Editorials

Jailed for being poor? In Mecklenburg, no more

Many defendants are held in jail simply because they are too poor to afford bail.
Many defendants are held in jail simply because they are too poor to afford bail. Observer file photo

Elizabeth Trosch has seen how things can go wrong when Mecklenburg County judges set money bonds for defendants accused of minor crimes.

“I’ve encountered egregious situations over the years,” Trosch, a District Court judge, told the Observer editorial board. “I frequently saw defendants with really minor misdemeanor offenses, offenses for which they could not be jailed, sitting in jail for 60 to 90 days on money bonds under $1,000.”

Ninety days in jail for disorderly conduct? That’s not tough on crime; it’s inhumane, misguided and punishes people for the crime of being poor. It also, it turns out, violates state law.

That all changed Friday, when Mecklenburg courts abolished their old matrix that attached certain dollar amounts to bonds for various charges. That system is being replaced with one in which judges assess each individual defendant and their risk of fleeing, committing another crime or tampering with witnesses.

Mecklenburg may be the first county in North Carolina to go this route, but it joins a trend of criminal justice reform bubbling up around the country. Judicial officials – and advocates on both ends of the political spectrum – are recognizing the illogic of holding people in jail while they await trial based on their ability to pay.

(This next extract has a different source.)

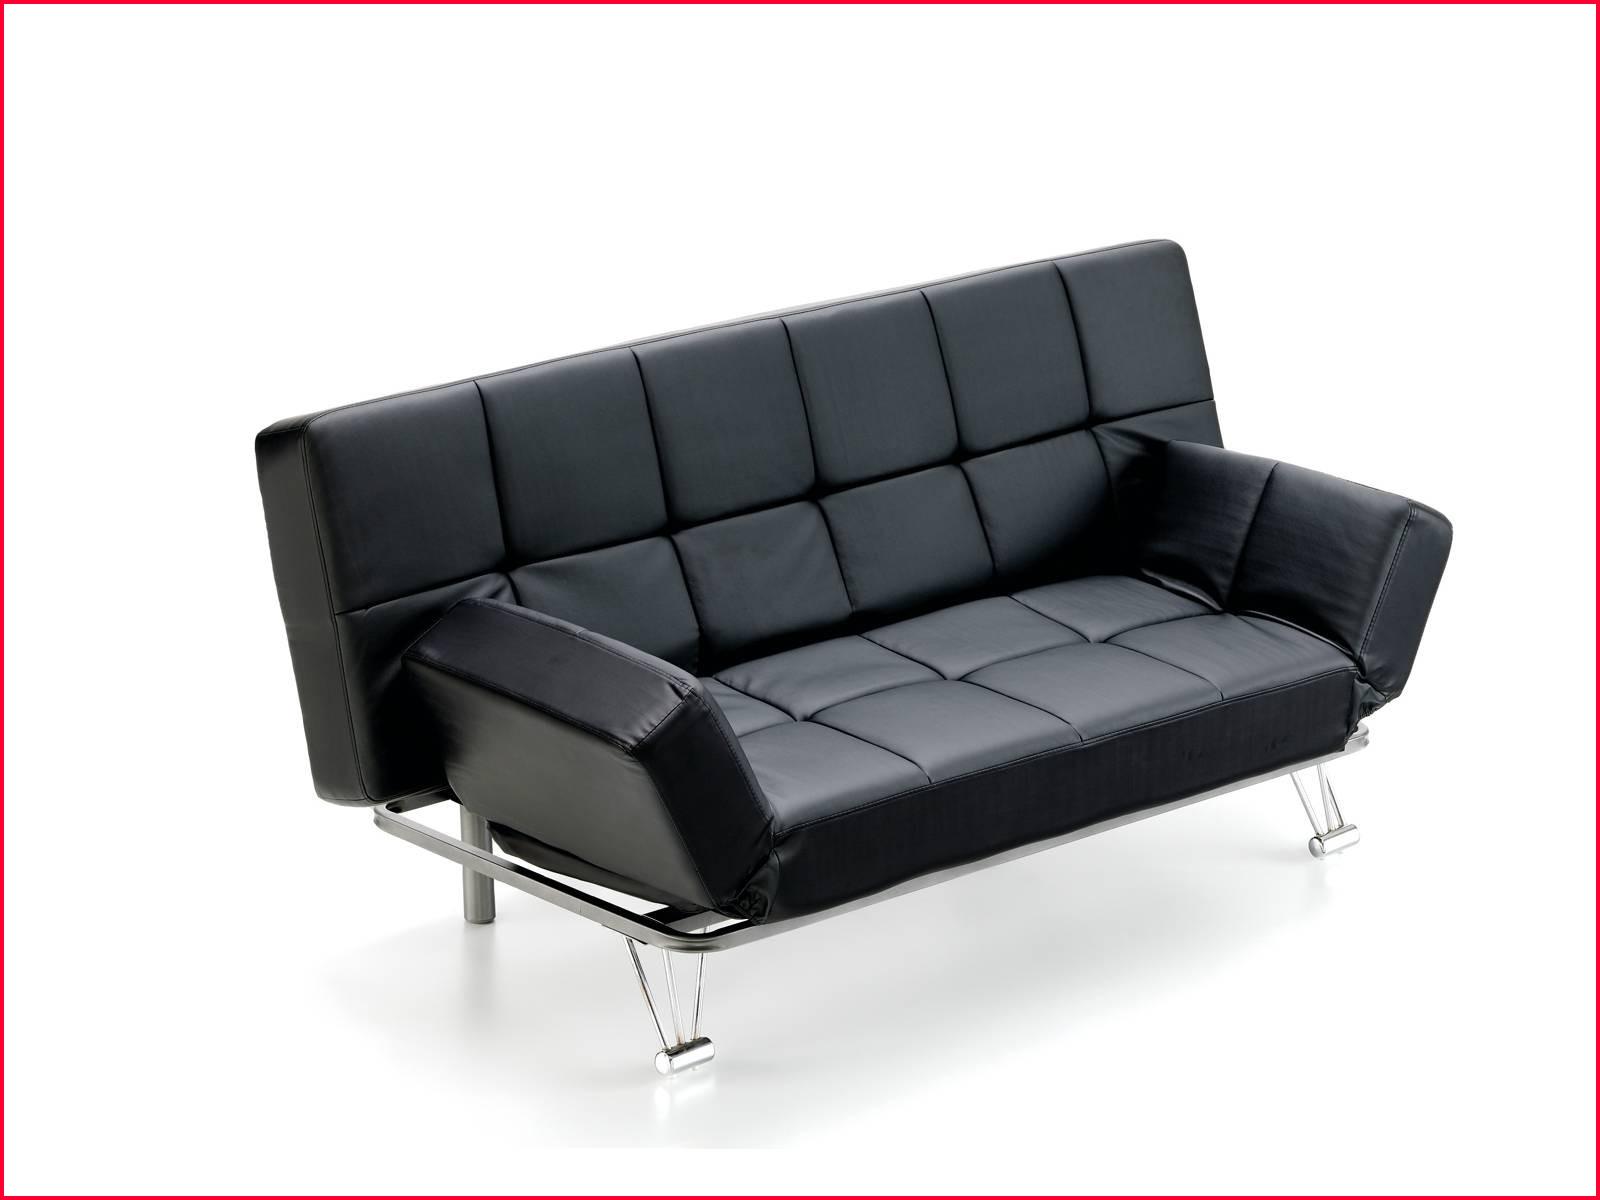 Sofa Cama Merkamueble E9dx sofas Cama Merkamueble sofà Cama Clic Clac Polipiel Negro

Wake County District Attorney Lorrin Freeman said Wake is studying release data and may make changes in bail policies.. She said Wake wants to make allowances for bail involving people whose charges are related to their being mentally ill or homeless. “We certainly don’t want to be in the business of criminalizing poverty,” she said.

North Carolina law says that all defendants except those charged with capital offenses are to be released without paying money while they await trial, unless they pose a risk of flight or committing another crime. But courts across the state violate that law by setting cash bonds without seriously assessing those risks.

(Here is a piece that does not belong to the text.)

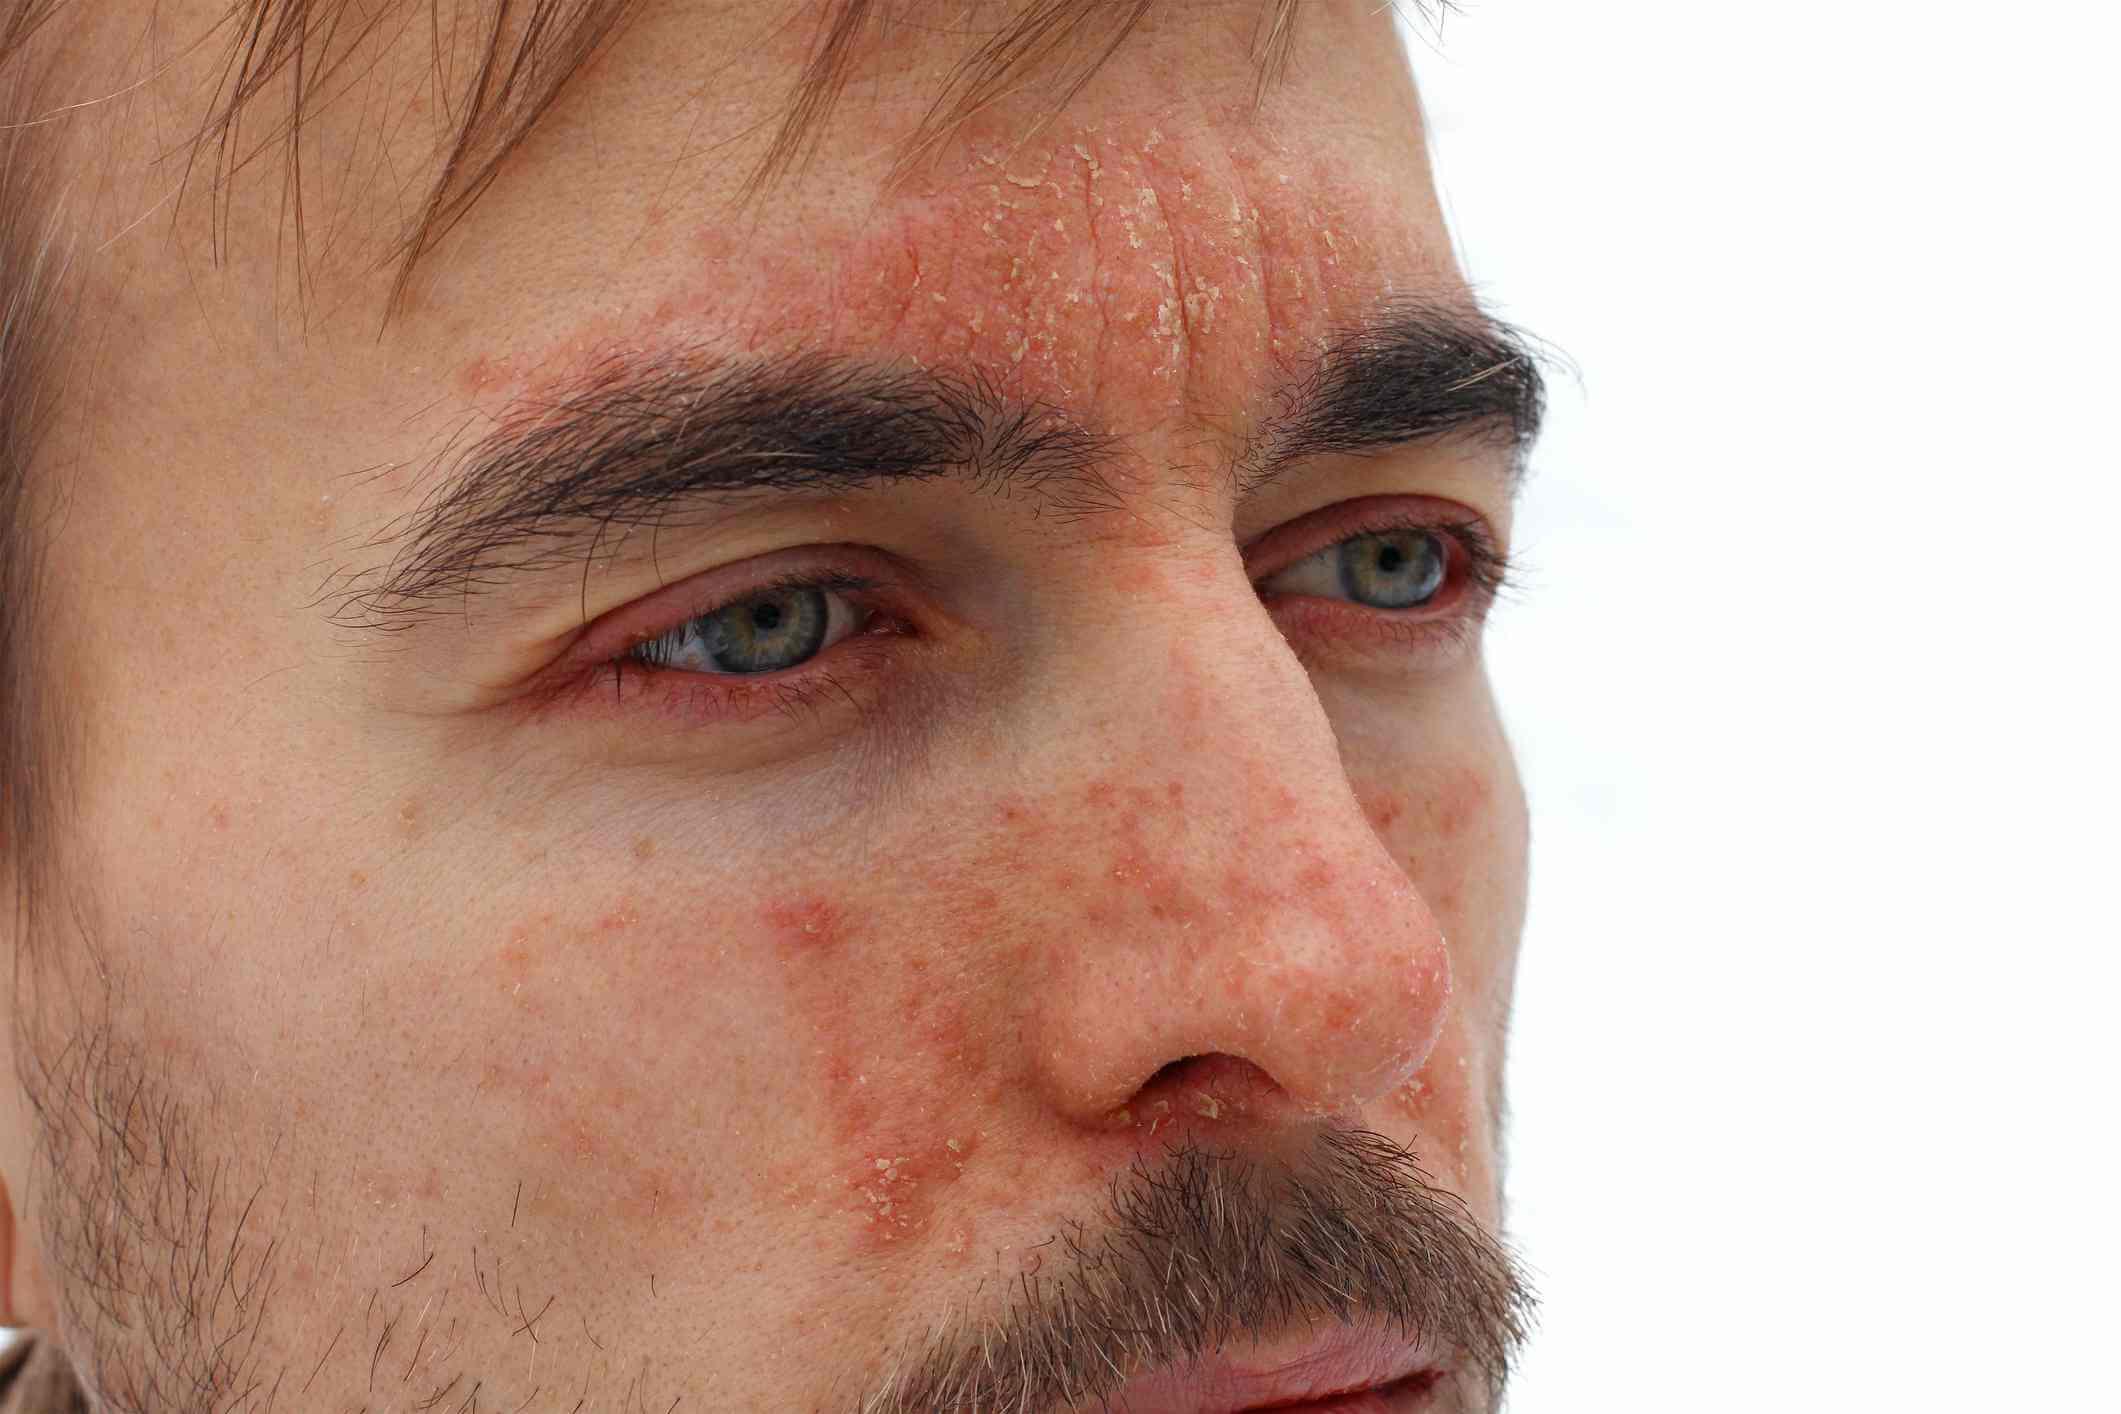 facial psoriasis

Mecklenburg’s new policy replaces its old financial bond table with one that uses objective criteria to assess a defendant’s risk of flight or committing another crime. Those charged with extremely serious crimes and those who are a danger will remain in jail under secured bond. But the majority of accused people will be released, some under supervision and others not.

Increasingly, research shows such an approach actually reduces recidivism. Holding a low-risk person in jail for multiple days increases their chance of committing more crime, a Kentucky study showed. So the new policy, Trosch says, “is not soft on crime, it’s smart on crime.”

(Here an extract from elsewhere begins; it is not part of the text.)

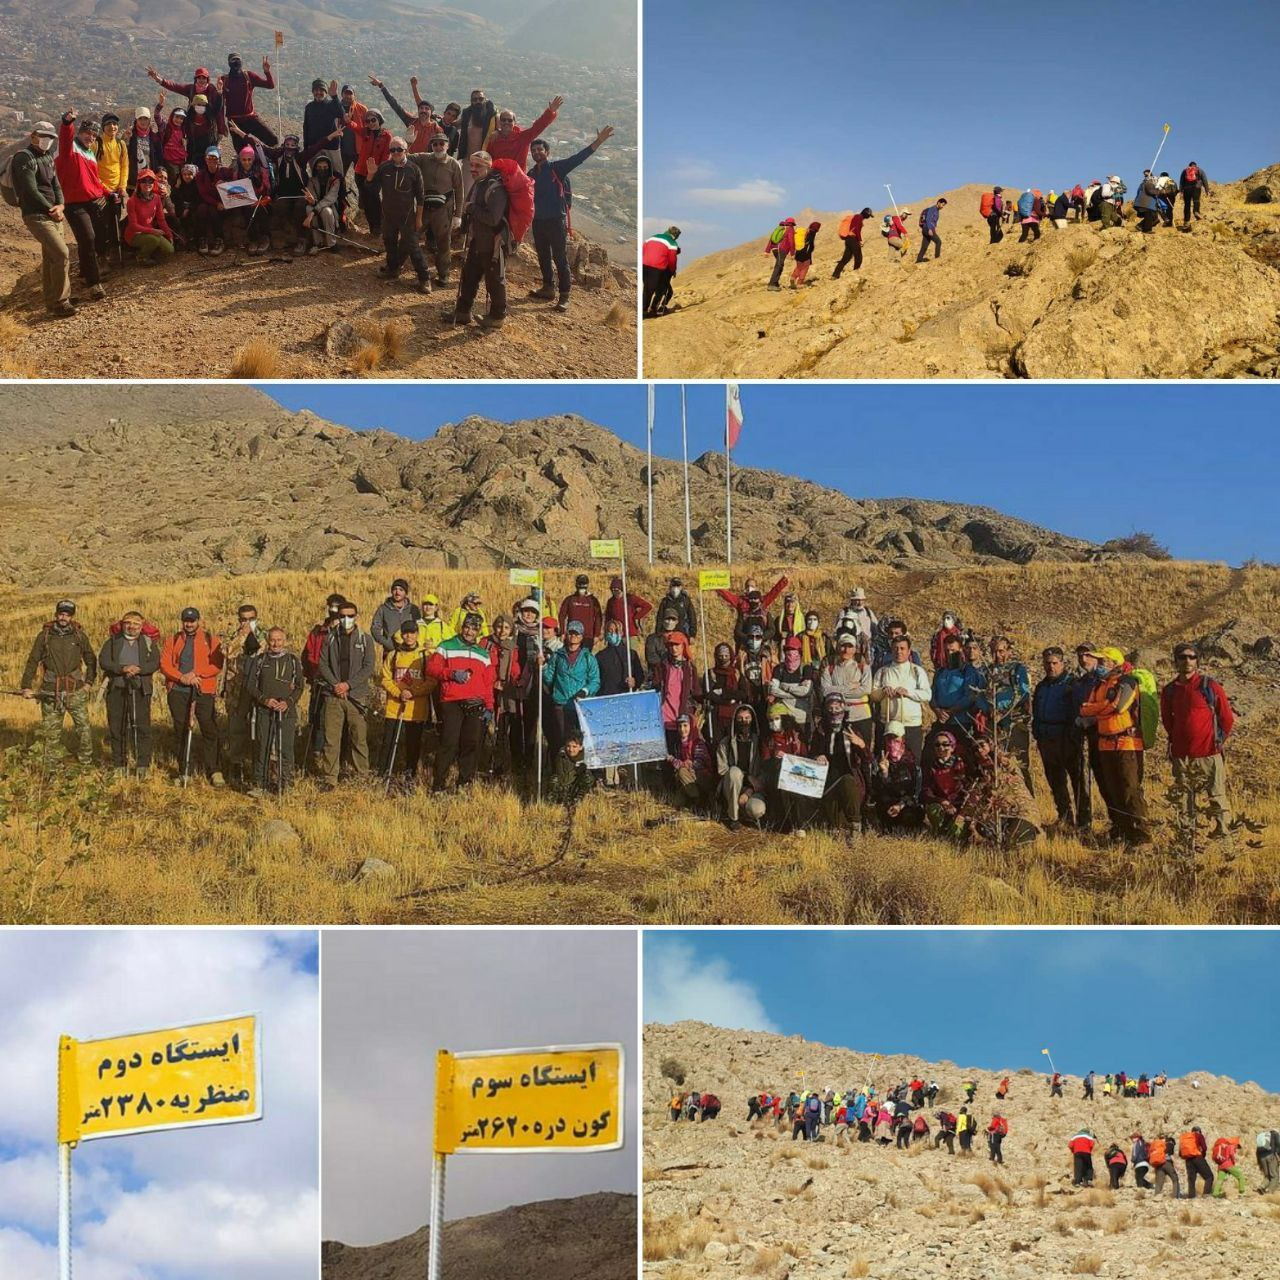 صعود همگانی کوهنوردان شهرستان دماوند به قله ۲۷۸۰ متری تلکمر بهمناسبت هفته تربیتبدنی/ تابلوگذاری مسیر کوهپیمایی تلکمر

Similar efforts in other parts of North Carolina could get a boost from a unanimous U.S. Supreme Court decision last month. The court ruled for the first time that the 8th Amendment’s ban on excessive bail applies to state and local governments. UNC’s School of Government will hold a criminal justice summit on March 15 to discuss bail reform and other criminal justice issues. Presenters are from the far ends of the ideological spectrum, which points to the common ground to be found in this arena.

Mecklenburg has taken a strong first step in showing the way. Its change represents no get-out-of-jail-free card. It simply eliminates the practice of basing people’s freedom on their wealth while keeping dangerous defendants in custody and aligning the county with state law and the Constitution.